Question

A healthy young man standing at a distance of 7m from a 10m high building see a kid slipping from the top floor. With speed (assumed uniform) should he run to catch the kid at the arms height (1.8m)? PLEASE GIVE EXACT ANSWER IN DECIMALS FOR SAME VALUES IF CORRECT I FOLLOW YOU I MARK AS BRAINLEST

Answer 1

Answer:

At point B (i.e. over 1.8 m from ground) the kid should be catched. For kid initial velocity u = 0 Acceleration = 9.8 m/s2 Distance S = 10– 1.8 = 8.2m S = ut + ½ at2 ⇒ 8.2= 0 + ½ (9.8) t2 ⇒ t2 = 2.04 ⇒ t = 1.42. In this time the man has to reach at the bottom of the building.
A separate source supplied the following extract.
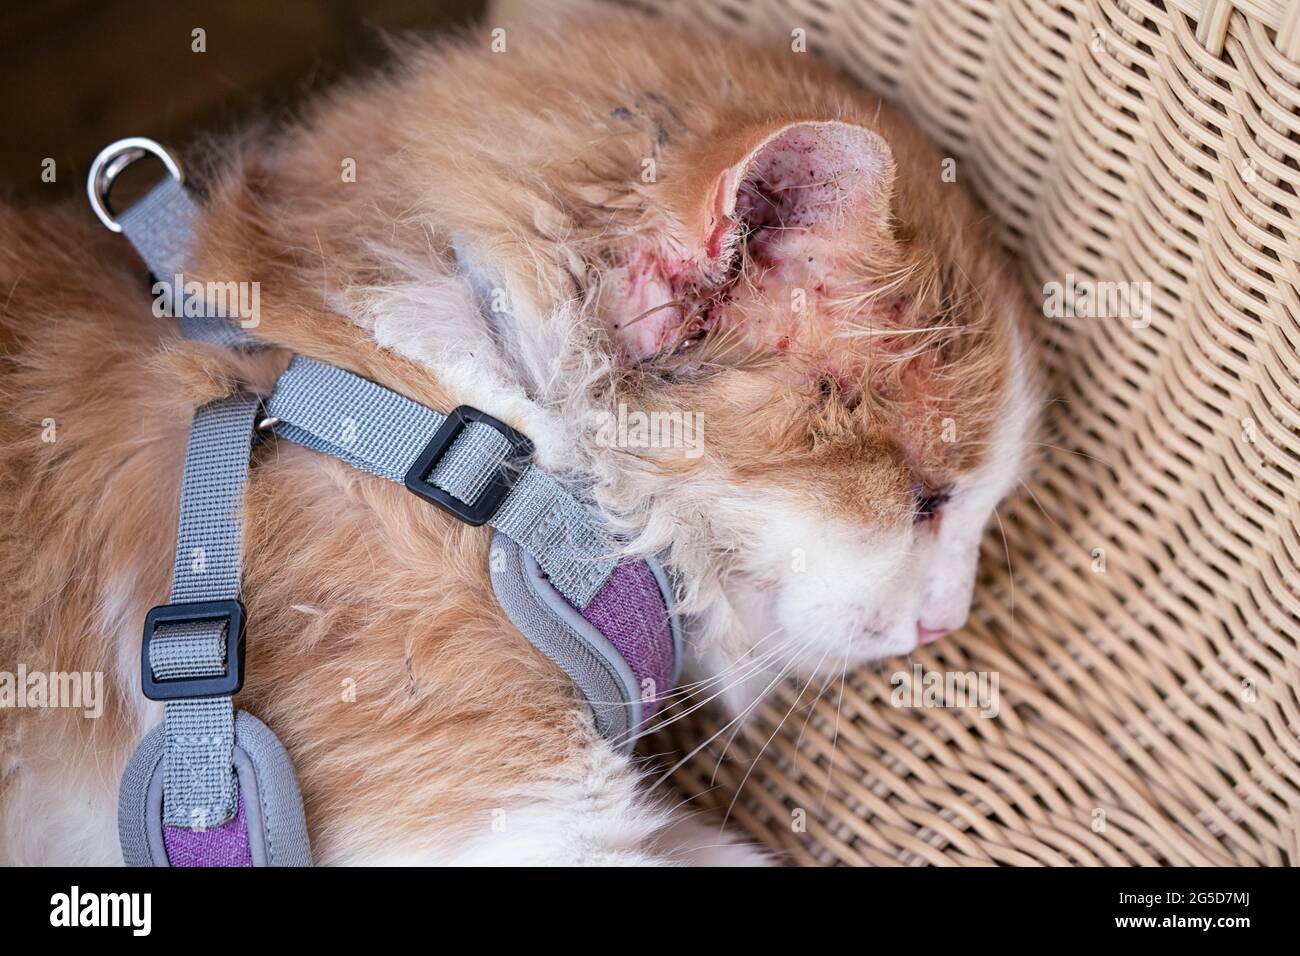 Erschöpfte verletzte Katze mit geschwollenem Auge und verkratztem verletzten Ohr liegt in Nahaufnahme. Stockfoto

Velocity s/t = 7/1.42 = 4.9 m/s.

Please mark my answer as brainliest

Answer 2

For the child:-

•Initial velocity=0

•Acceleration due to gravity(g)=9.8m/s²

•Distance(s)=10-1.8=8.2m

Now,by using 2nd equation of motion,when u=0,we get----

=>s=1/2gt²

=>8.2=1/2(9.8)t²

=>8.2=4.9t²

=>t²=8.2/4.9

=>t²=1.67

=>t=1.29s

Now,in this time the man has to reach the bottom of the building.

=>Speed=Distance/time

=>7/1.29

=>5.42m/s

Thus,the man should run with a speed of 5.42m/s to catch the kid.